Upon the commencement of the conflict, he was attached first to the staff of Sir Charles Napier and then to that of Sir Hugh Gough, Commander-in-chief in India. He was present, as political officer, with the division of Sir Harry Smith at the battles of Buddawal (22 January 1846) and Aliwal (28 January 1846). At Sobraon (10 February 1846), he served as an additional aide-de-camp to the Governor-General, Sir Henry Hardinge. His services earned him a brevet and the appointment of political agent to the state of Bhopal from 1846 to 1850. As per his tombstone, he was a captain of the Bengal Engineers.
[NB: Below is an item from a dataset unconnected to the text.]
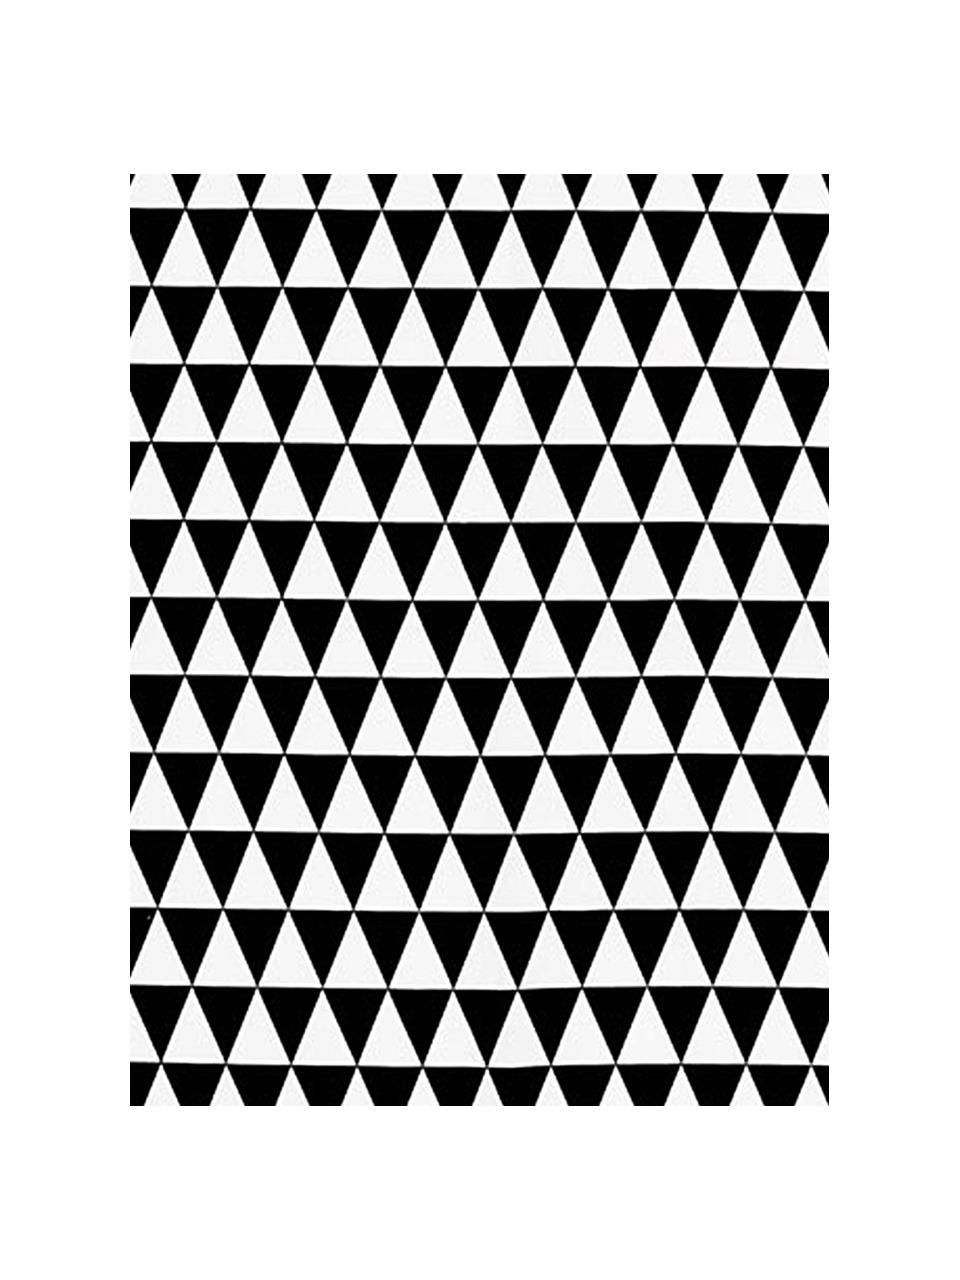 Sponsdoek rol Dreieck, 70% Cellulose, 30% katoen, Wit, zwart, B 24 x L 25 cm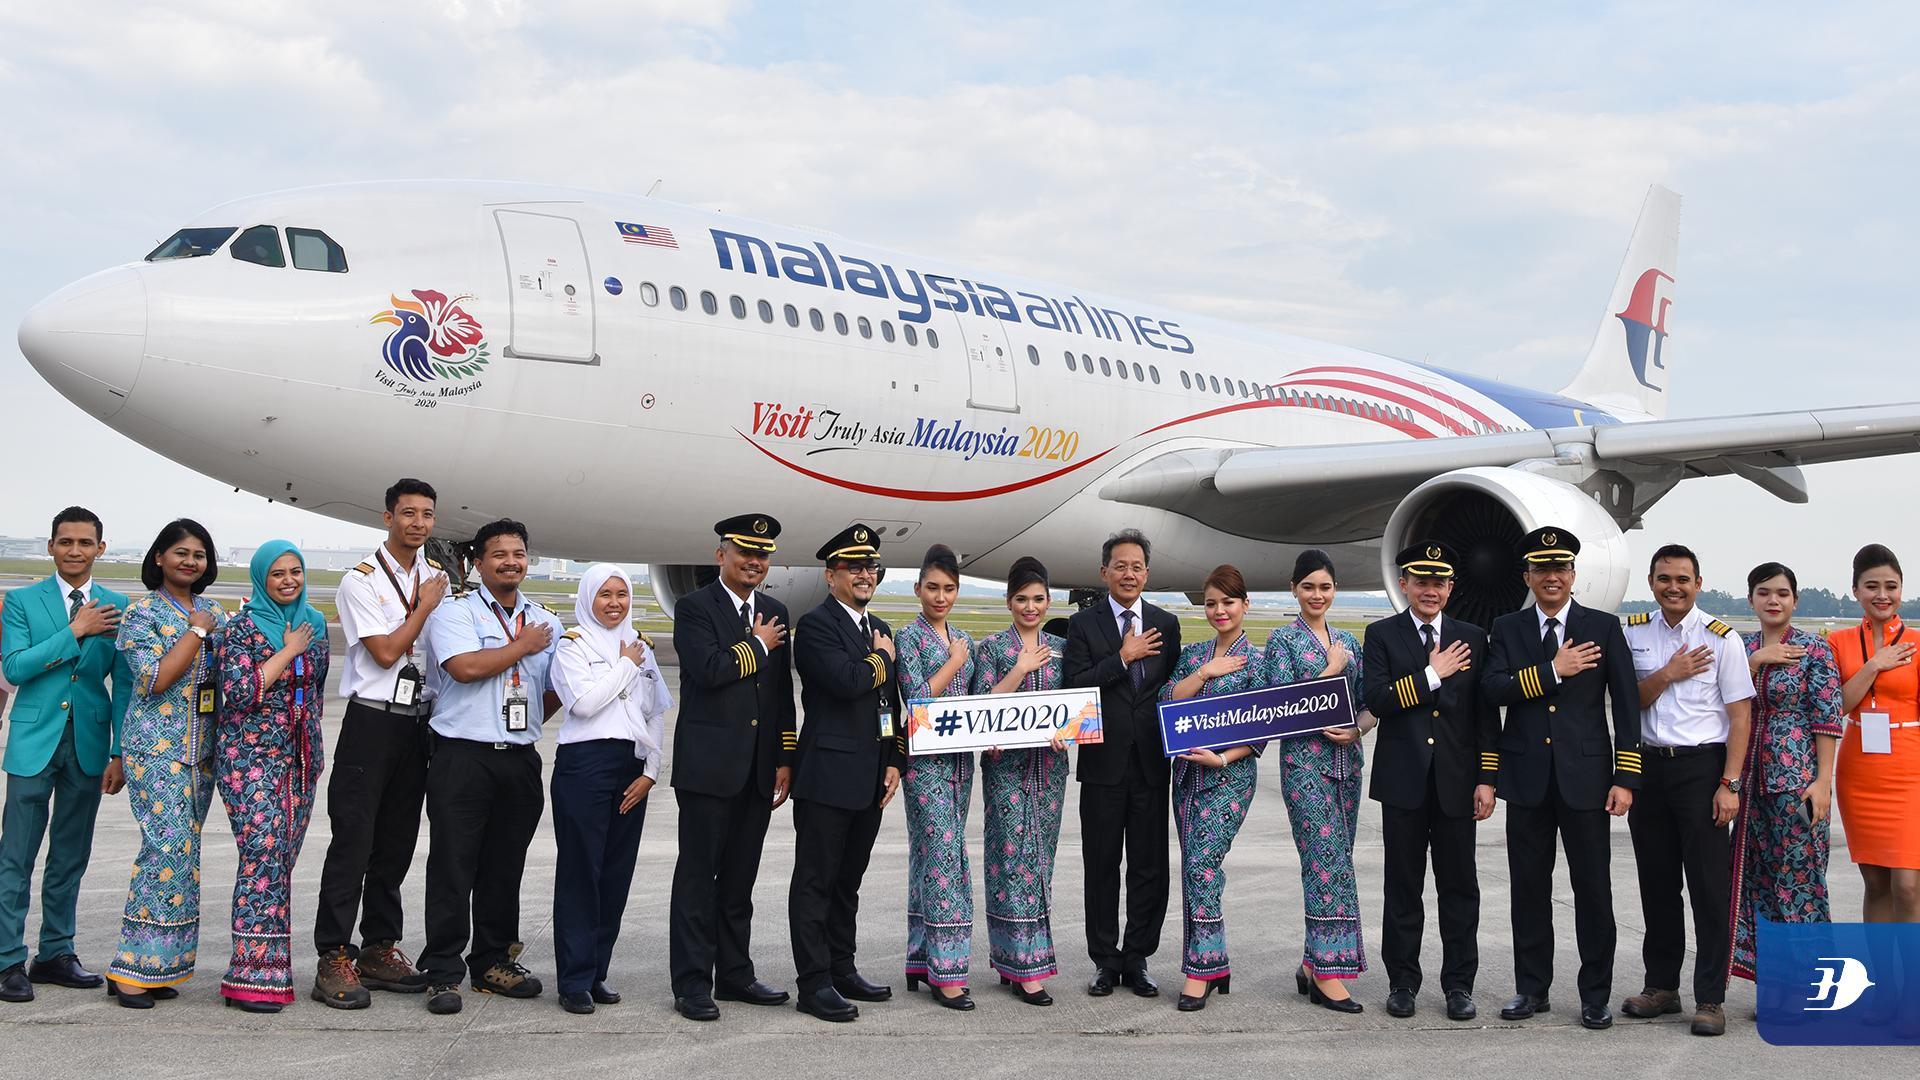 Малайзия эйрлайнс. Малайзия Эйр. Авиакомпания малазийские авиалинии. Авиакомпания в Малайзии Малайзия Эйрлайнс. Malaysia Airlines лого.

Joseph lived amongst the Sikhs for eight years and conceived of writing a first-hand account of the Sikhs in 1844 and had access to reports amid other British sources and his own testimony, as he was an eyewitness to the two Anglo-Sikh wars. He published History of the Sikhs in Bhopal in 1849. The book consisted of nine-chapters divided into two parts: the first part (chapters 1–4) deals with the early Sikh history involving the Sikh gurus whilst the second part (chapters 5–9) deals entirely with Anglo-Sikh relations. The second edition of the book was published in 1853 after the death of Cunningham by his brother Peter Cunningham.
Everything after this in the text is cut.